FIG. 1 illustrates a communications network architecture that includes a scenario with multiple tenants that have user devices that have the same IP address. Referring now to FIG. 1, the communication network includes a service provider network 110 that has devices that are in communication with two different tenant networks 120, 130. As used herein, the terms “tenant” and “tenant network” may be used to refer to a grouping of a plurality of users related to a customer or a network associated with the customer. The service provider network includes a network monitoring application 100 that provides fault monitoring, identification of slow or failing components, and/or intrusion detection of user devices in the communications network. Metrics such as response time, availability, device uptime, etc. of various devices in a network may be collected by the networking monitoring application 100. A service provider edge device D0 in the service provider network 110 may provide an interface to other networks such as tenant network 120 and/or tenant network 130. In some embodiments, the monitoring application 100 may be integrated with and/or running on the same device and/or the same processor as the service provider edge device D0. Service provider edge device D0 may include routers, switches, end-hosts, gateway, and/or other networking elements. Service provider edge device D0 may communicate with tenant edge device D1 when accessing user devices D3 and/or D4 in tenant network 120. Likewise, service provider edge device D0 may communicate with tenant edge device D2 when accessing user devices D5 and/or D6 in tenant network 130. In some cases, user device D4 in tenant network 120 may have the same IP address 1.1.1.2 as user device D6 in tenant network 130.

FIG. 2 illustrates using different source IP addresses by the monitoring application in the communications network that includes multiple tenants that have user devices that have the same IP address. Referring now to FIG. 2, a single instance of the network monitoring application 100 may be running in the service provider network 110 that serves a multi-tenancy environment. The network monitoring application 100 identifies a destination tenant that is associated with a destination user device to which a monitoring request is to be sent by the single instance of a network monitoring application 100. The destination user device may be a first user device D6 that is associated with a first tenant 130 or a second user device D4 that is associated with a second tenant 120 in the multi-tenancy environment. The monitoring application 100 associates a source IP address that identifies the destination tenant with the monitoring request. For example, if the destination user device for the monitoring request is user device D6, then the monitoring device may use source IP address 3.3.3.2 whereas if the destination user device for the monitoring request is user device D4, then the monitoring device may use source IP address 3.3.3.4. Even if user devices D4 and D6 have the same destination IP address of 1.1.1.2, as illustrated in FIG. 2, the monitoring application distinguishes the monitoring request to be sent to the user devices D4 or D6 by using a different source IP address.

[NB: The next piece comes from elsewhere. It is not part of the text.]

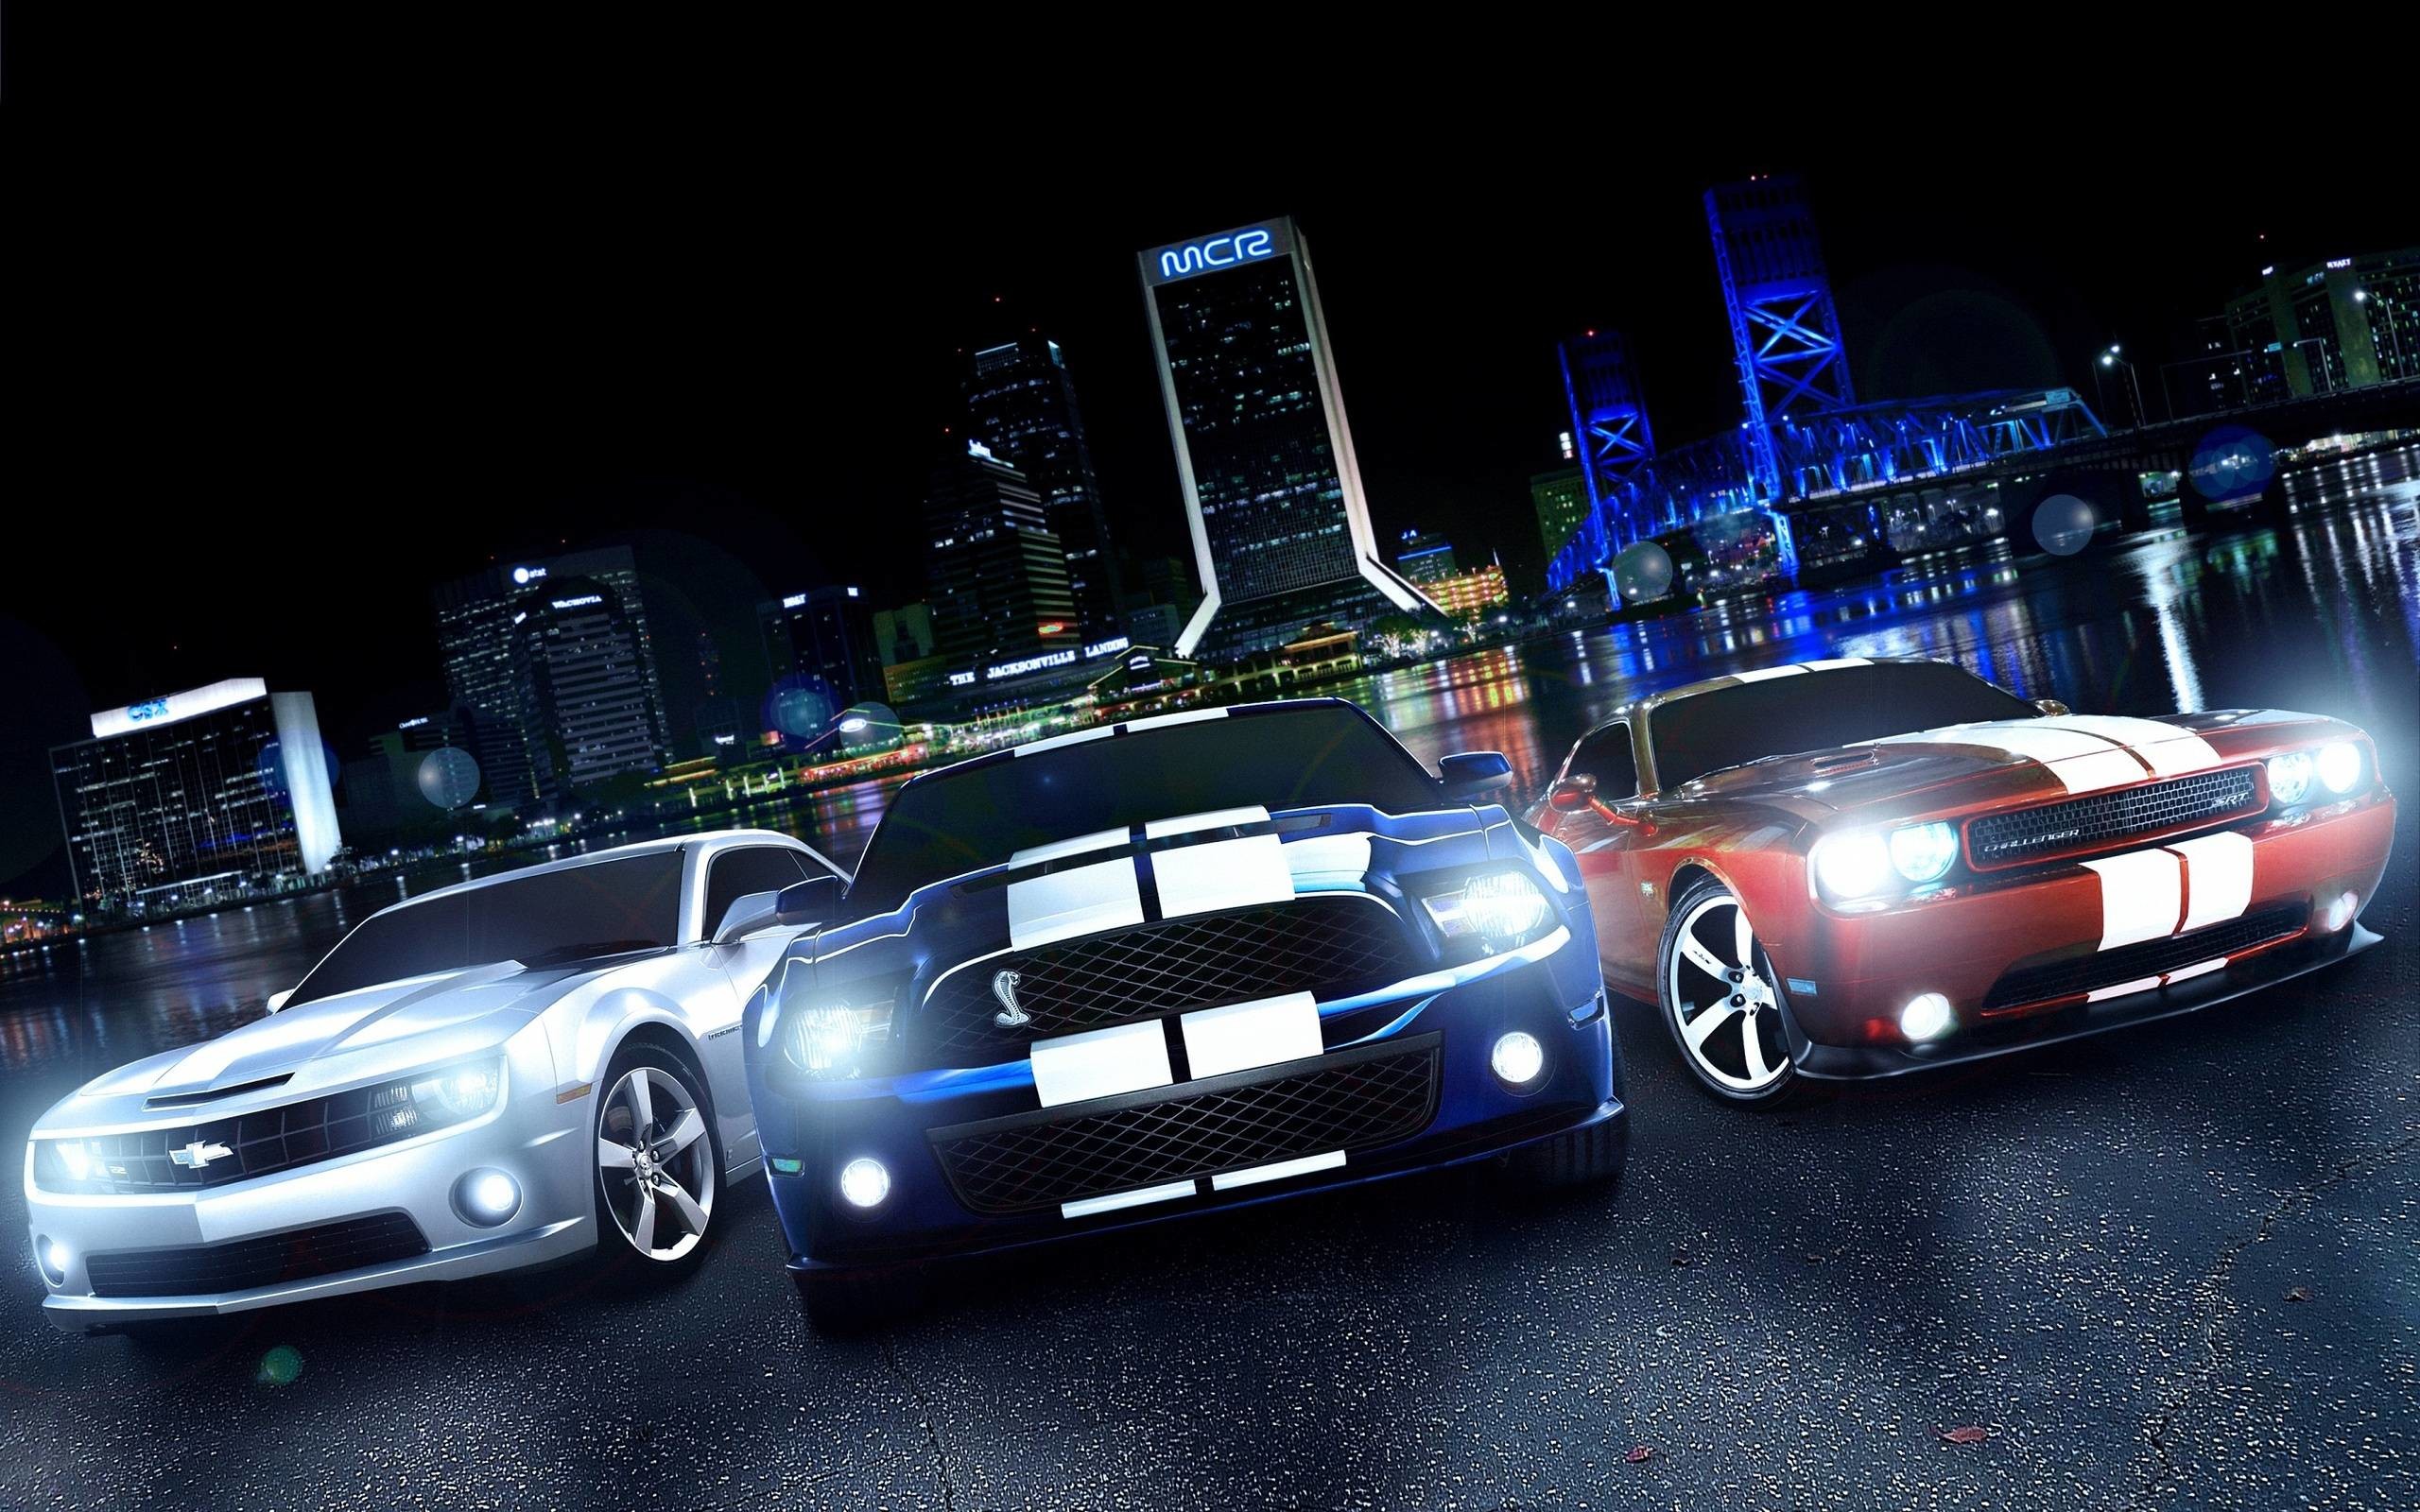 2560x1600 Shelby Mustang Wallpaper For Iphone #sBQ

Therefore, two different user devices associated with different tenants but having the same IP address are distinguished from one another by the monitoring device. In some embodiments, the use of different source IP addresses may be referred to as “IP aliasing”. For the destination user device, the monitoring application may look up the associated tenant in a service provider database that was populated when a user device such as D6 was added to the network. The network monitoring application may use a property such as a tenant identifier to distinguish between different tenants, which may be included in the service provider database. This procedure may be referred to as “tenant discrimination”.

Once the proper source IP address is set by the monitoring application 100 for the monitoring request, the service provider network 110, by way of a service provider edge device D0, may selectively route the monitoring request to the destination user device through a network that is associated with the destination tenant based on the source IP address of the monitoring request. In the ongoing example, the source IP address for the monitoring request is 3.3.3.2 and the destination IP address is 1.1.1.2. The service provider edge device D0 may recognize that the source IP address 3.3.3.2 is associated with the second tenant 130. Thus, the monitoring request that has a source IP address of 3.3.3.2 would be routed by service provider edge device D0 to the second tenant's edge device D2, which, in turn, would forward the monitoring request to user device D6, which has an IP address of 1.1.1.2.

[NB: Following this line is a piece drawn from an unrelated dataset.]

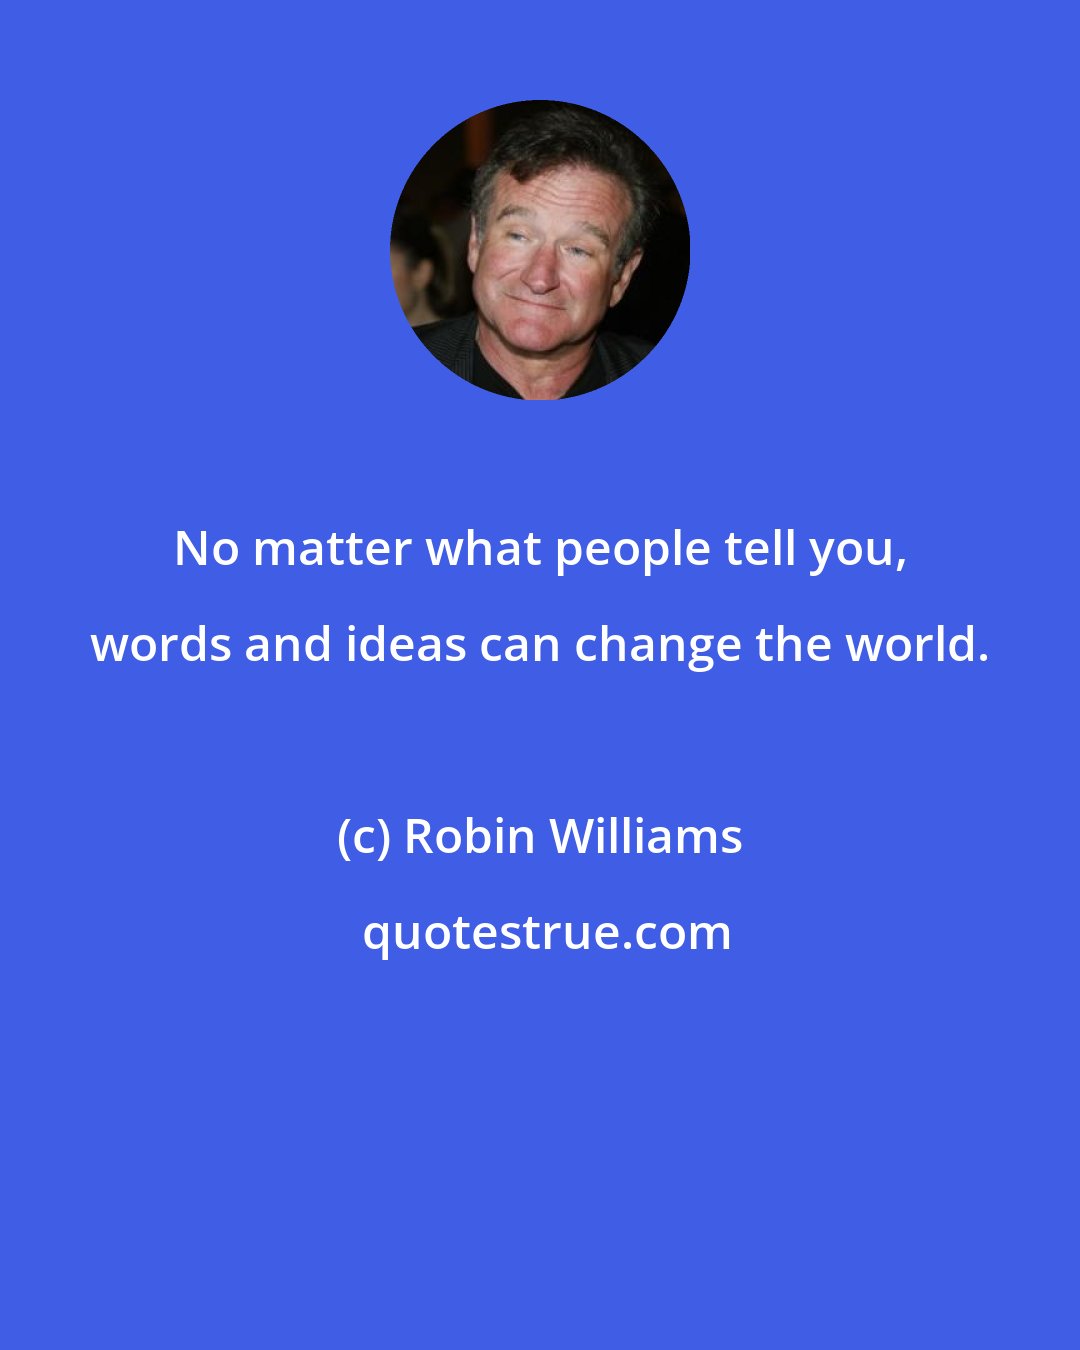 Robin Williams: No matter what people tell you, words and ideas can change the world.

Responsive to receiving the monitoring request, user device D6 may send a monitoring response to the monitoring application 100. The destination IP address of the monitoring response from the user device D6 may be the source IP address of the monitoring request that was previously sent to the user device D6, i.e. the destination IP address of the monitoring response is 3.3.3.2. The source IP address of the monitoring response would be the IP address of user device D6, i.e. 1.1.1.2. The second tenant edge device D2 that is associated with the user device D6 may have learned the routing to the service provider edge based on the previously received monitoring request. As such, based on the destination IP address of the monitoring response, the second tenant edge device D2 may route the monitoring response to the service provider edge device D0, which forwards it to the monitoring application 100. According to the example embodiment of FIG. 2, the monitoring application 100 may receive packets destined for IP address 3.3.3.4 or 3.3.3.2. The monitoring application 100 determines the originating user device of the monitoring response based on the destination IP address of the monitoring response. In the ongoing example, monitoring application 100 may determine that the monitoring response is from user device D6, based on the destination IP address of 3.3.3.2 and the source IP address of 1.1.1.2. If the source IP address is 1.1.1.2 but the destination IP address of the monitoring response is 3.3.3.4, then the monitoring application 100 would recognize that the monitoring response is from user device D4.

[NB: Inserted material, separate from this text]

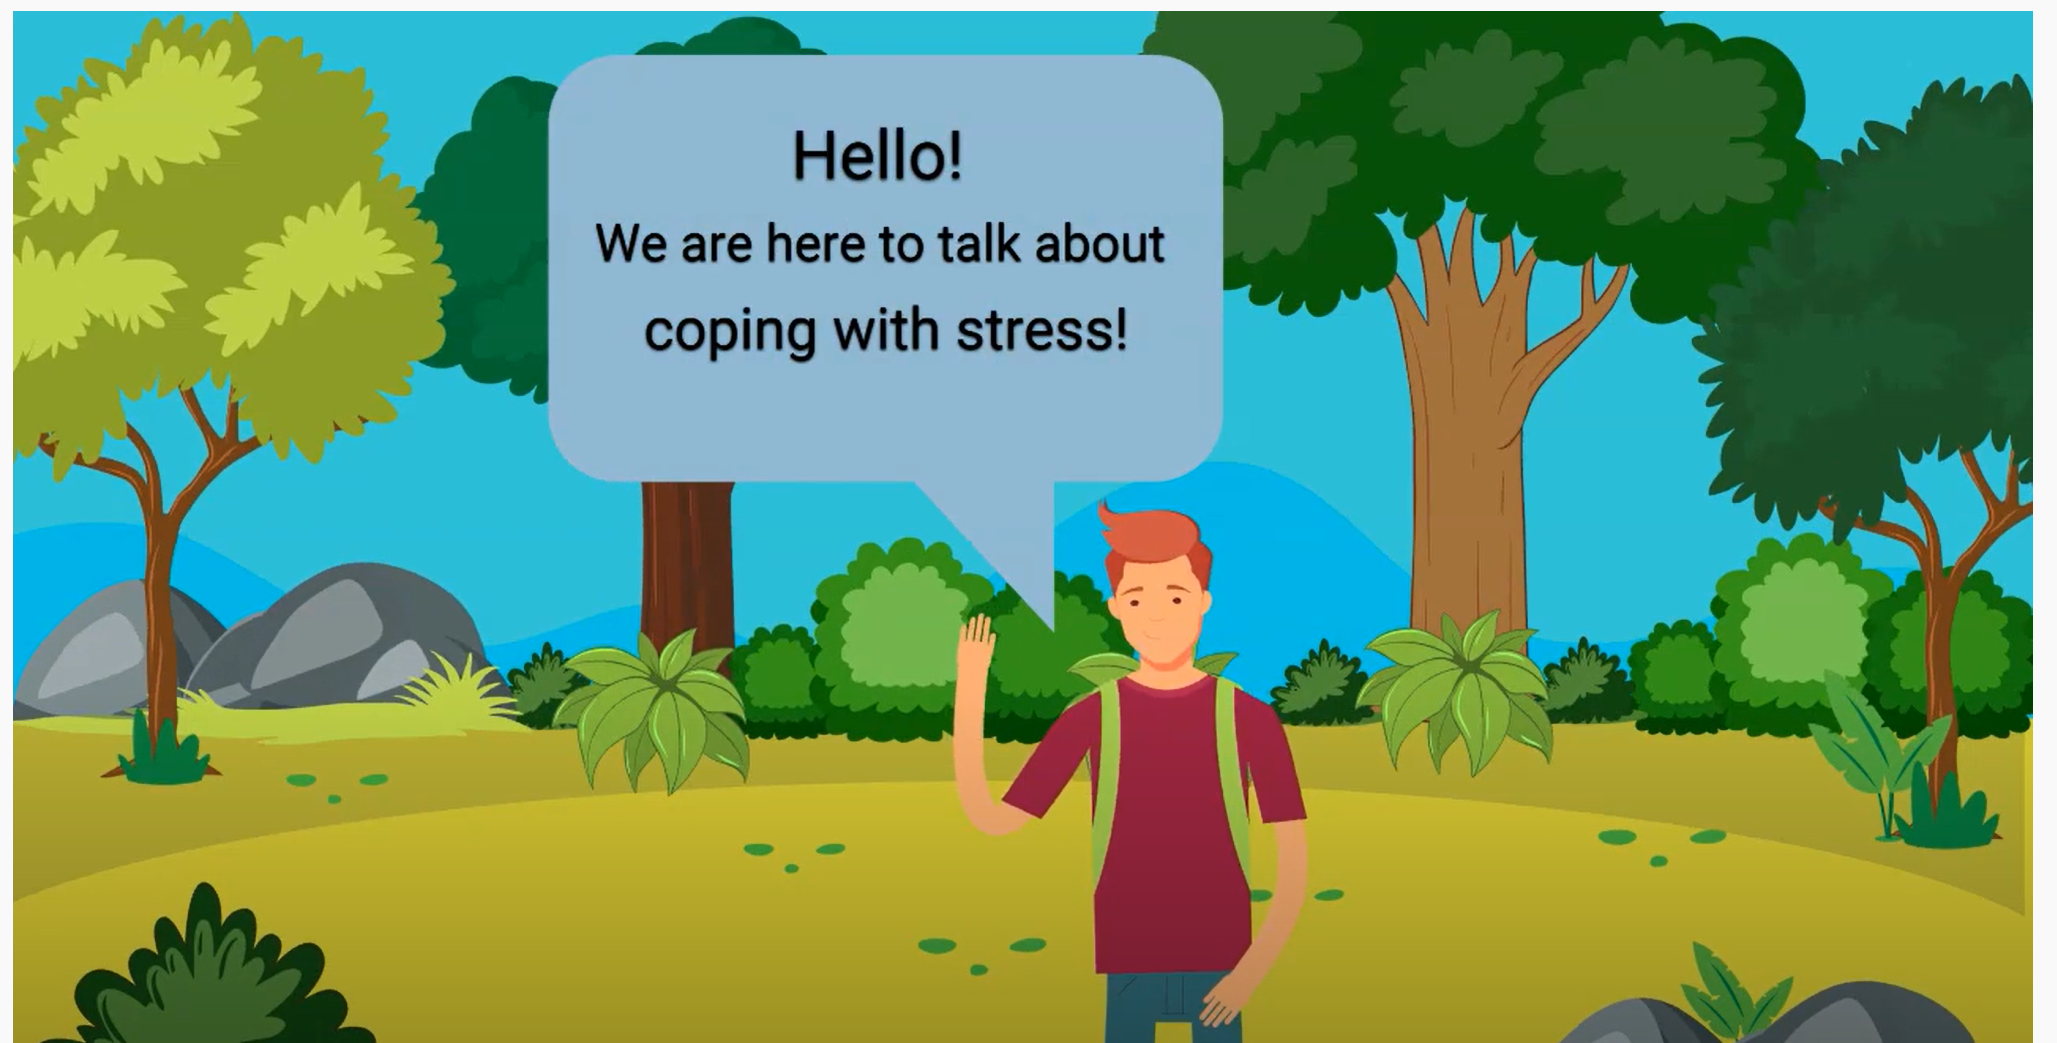 A student saying "Hello we are here to talk about coping with stress"

FIG. 3 is a flowchart of operations by the monitoring application 100 of FIG. 2. At block 300, a network monitoring application may be running in the service provider network 110 of FIG. 2. If the network monitoring application needs to send a monitoring request to a user device, the network monitoring application may determine the destination tenant of the destination user device, at block 310. If tenant 1 is associated with the destination user device, then the monitoring application associates a source IP address A, at block 320, to the monitoring request. If tenant 2 is associated with the destination user device, then the monitoring application associates a source IP address B, at block 340, to the monitoring request. A monitoring request with source IP address A is routed by the service provider edge device to tenant 1's network, at block 330. A monitoring request with source IP address B is routed by the service provider edge device to tenant 2's network, at block 350. In response to the monitoring request, the monitoring application may receive a monitoring response from the user device, at block 360. In some embodiments, the user device may send a single monitoring request that causes the user device to send monitoring information periodically, or at other intervals to the monitoring application. Upon receipt of a monitoring response, the monitoring application determines from which user device that the monitoring response was received, at block 370.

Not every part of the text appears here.